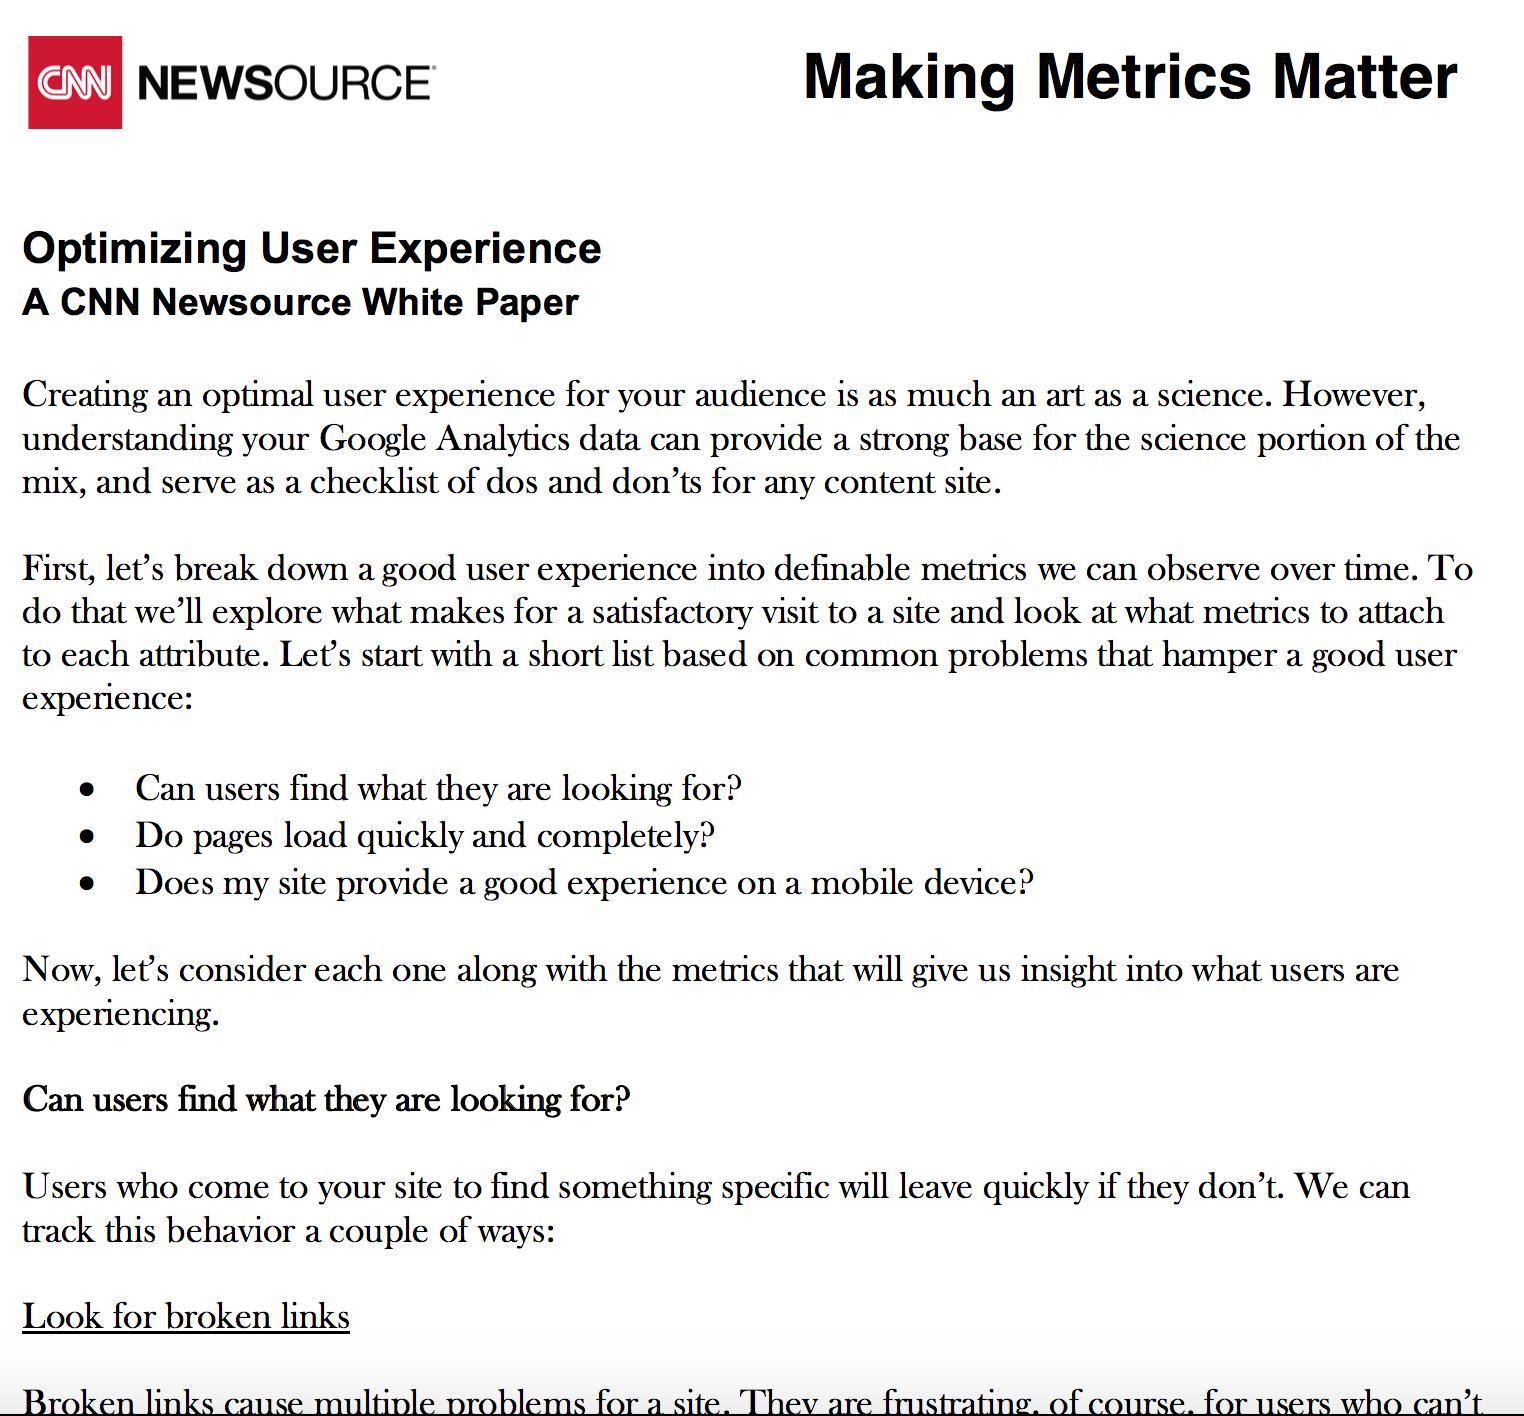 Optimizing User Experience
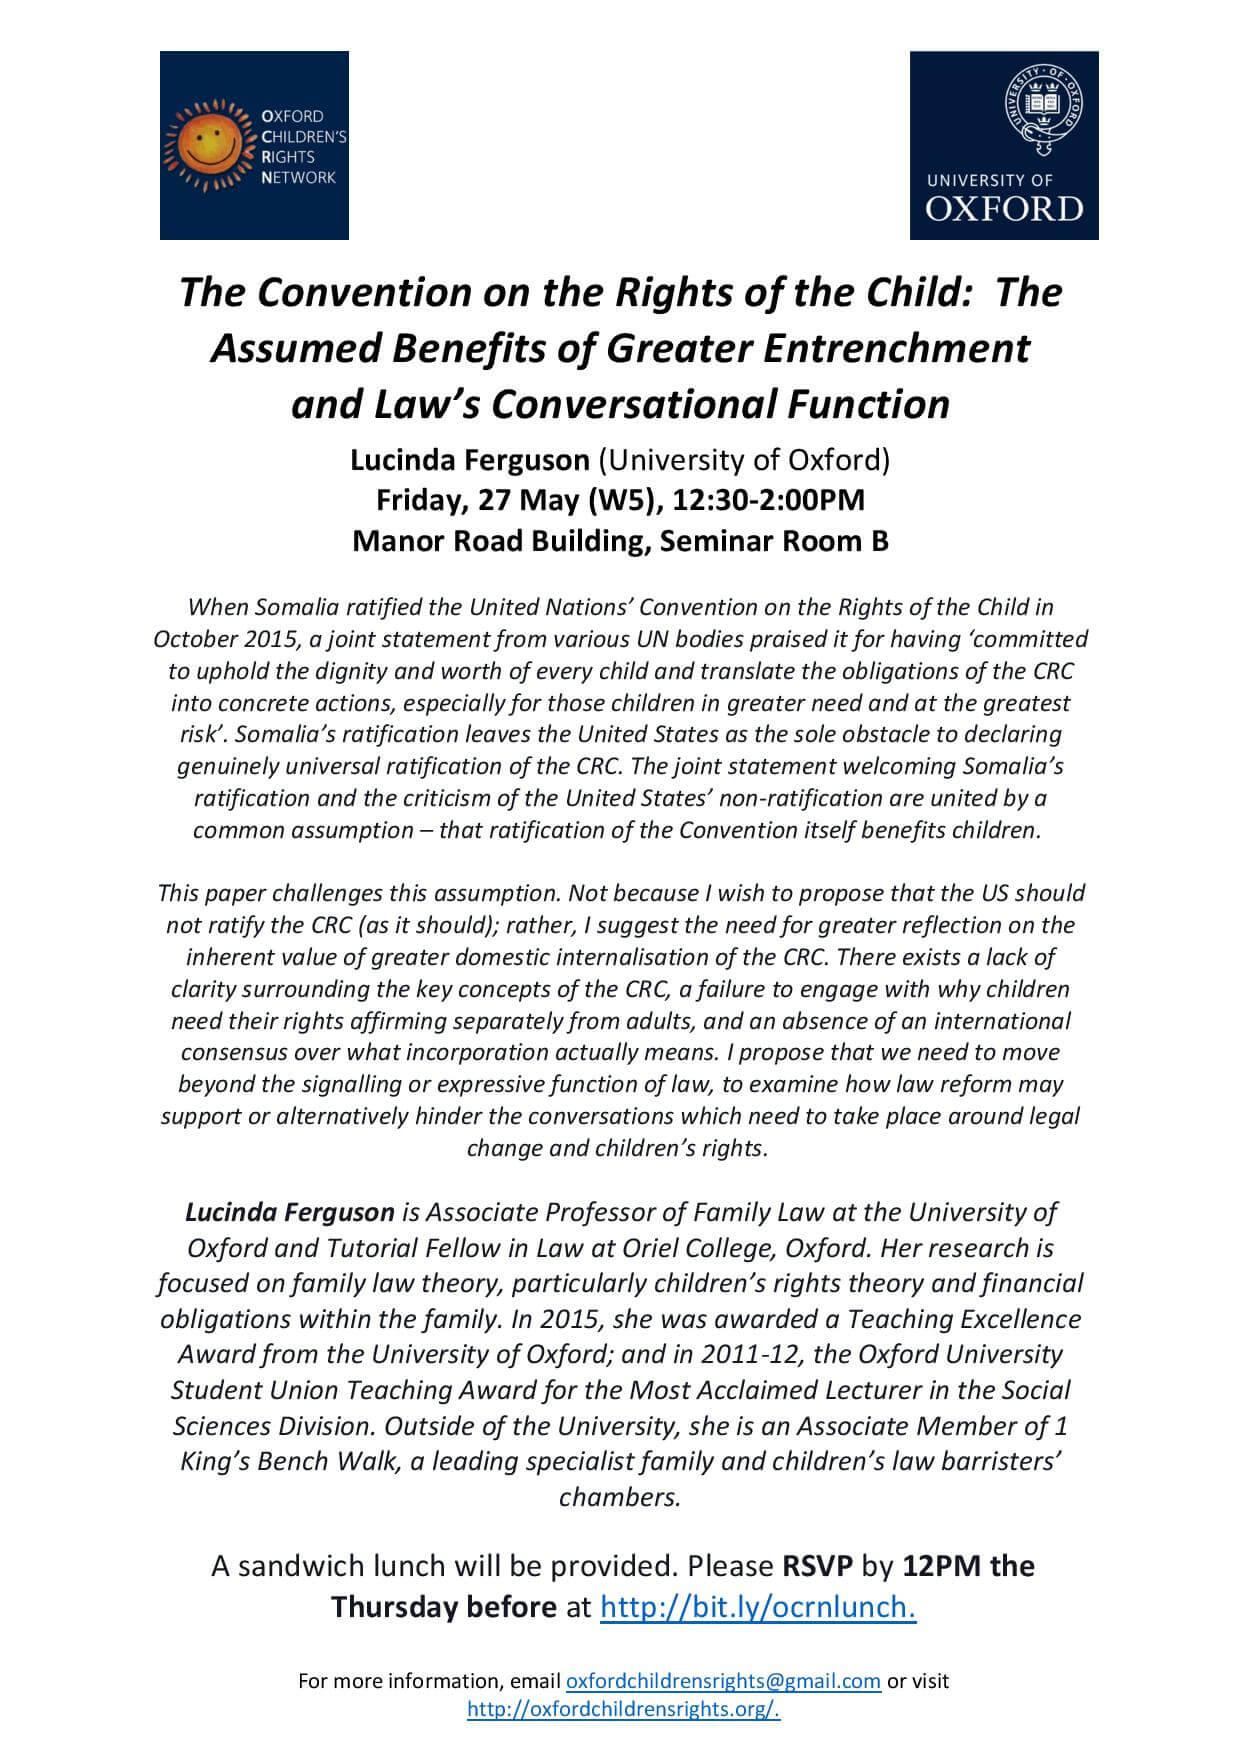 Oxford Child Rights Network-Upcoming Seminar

============================================================

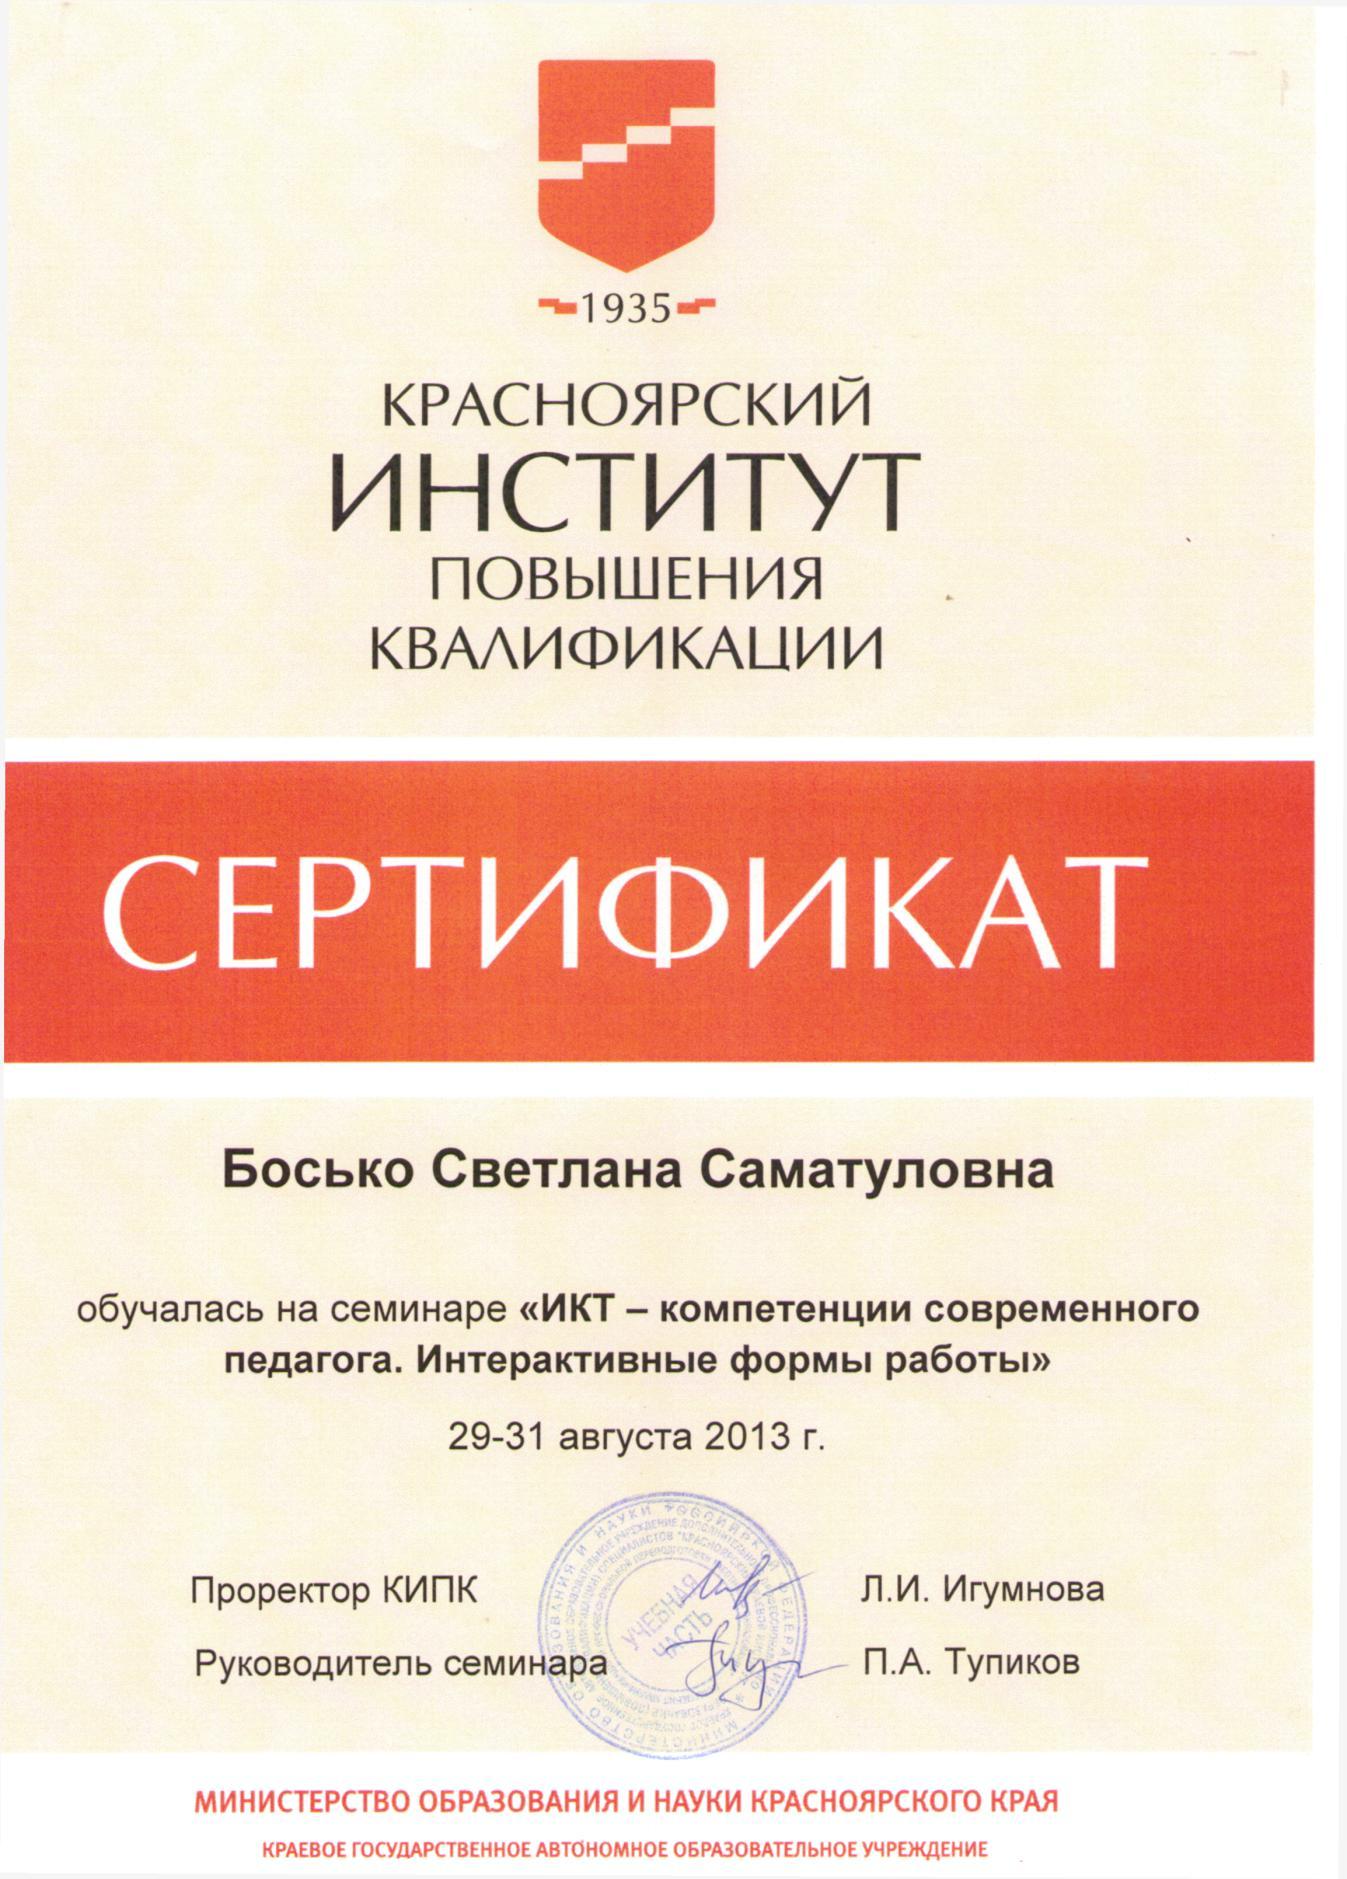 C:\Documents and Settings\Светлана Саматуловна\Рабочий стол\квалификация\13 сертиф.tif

============================================================

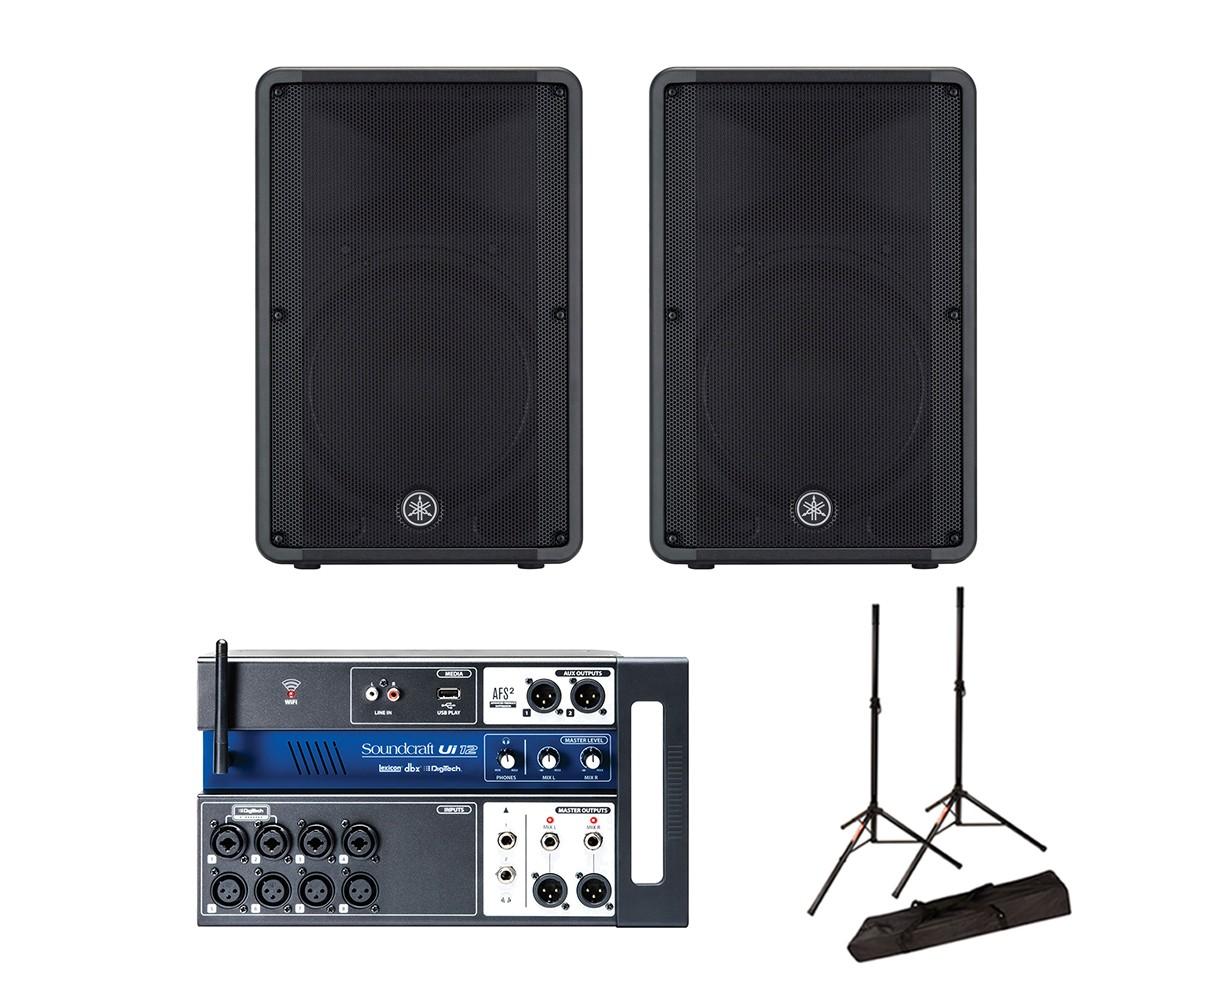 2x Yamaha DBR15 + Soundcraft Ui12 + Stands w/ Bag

============================================================

Working from the data above, repeat exactly, and only, the lines that begin at the line containing "Optimizing User Experience" and stop after the line containing "Oxford Child Rights Network-Upcoming Seminar"; pictures are not copied.

 Optimizing User Experience
 Oxford Child Rights Network-Upcoming Seminar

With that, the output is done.